The simple answer is: Any verb that doesn’t follow standard rules of conjugation. Unfortunately, there are so many “irregular” verbs in the English language that the title doesn’t really make sense. These grammar anomalies have been lurking in plain sight for yearsand they might just come naturally to you, but we’re still going to take a closer look.

Irregular Verbs and the Past Tense

Typically, it’s correct (and easy enough) to say the past tense of a verb ends in an “-ed.” For example, “I drop the kids off in the morning” in the present tense becomes, “I dropped the kids off this morning.” Or, “I scrub the dishes,” in the present changes to “I scrubbed the dishes” in the past tense. Those two letters added to the end of a word are a pretty good indicator of past tense.
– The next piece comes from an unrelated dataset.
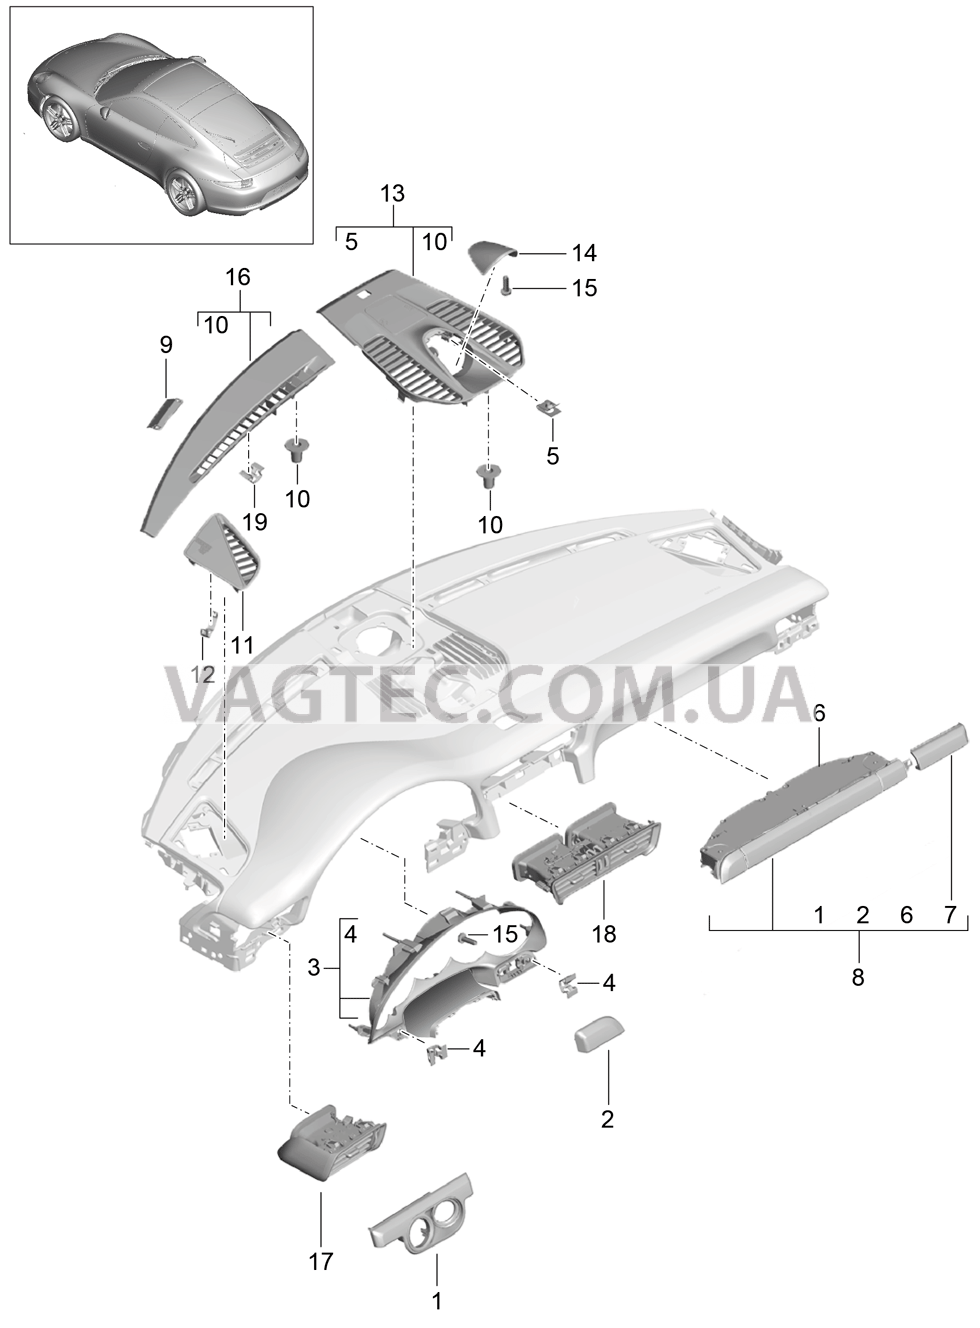 809-005 Детали, Облицовка передней панели, Верхняя часть для PORSCHE 911.Carrera 2012-2016USA

Then you come across a verb like “speak.” In the present tense, you’d say, “I speak.” In the past tense, you would not say, “I speaked.” Instead, you’d say, “I spoke.”

Boom. You’ve just found an irregular verb. As you might have guessed, irregular verbs break the standard rule of ending in “-ed” in the past tense.

To further confuse the issue, irregular verbs have no discernible pattern themselves. They’re just … irregular. These irregular verbs are some of the most commonly used in English — “go,” “say,” “see,” “think,” “make,” “take,” “come,” and “know.” These workhorse verbs take on different spellings in the past tense.

In general, irregular verbs are easy enough to spot in the past tense — if it doesn’t end in “-ed,” it’s irregular.

Spotting More Irregular Verbs

Test yourself: Which of these examples of irregular verbs are correct?

  1. She drunk the glass of water.
  2. The phone rung and rung.
  3. The pants shrunk in the dryer.

Answer: Only number three is correct. In one, the correct past tense is “drank,” and in number two, the phone “rang.”

It’s still quite easy to get confused by irregular verbs, especially when you look at the difference between simple past tense and past participles.

For example, “Stacy drived to the public pool where she swum for hours.” Hopefully this sounds wrong to your ears, because it’s just an irregular mess.

There are two irregular verbs in this example, but neither is correct. The first is obvious – “drived” attempts to follow the regular verb “-ed” ending. It sounds awkward, because it’s not a real word at all. The correct (irregular) past tense is “drove.”

The second one is a little trickier. “Swum” is in fact the past participle of the verb “to swim,” but it’s not the simple past, which is “swam.”

The correct version of Stacy’s day at the pool is, “Stacy drove to the public pool where she swam for hours.”

As confusing as irregular verbs may seem, they start to come naturally with practice. What irregular verbs do you still stumble over?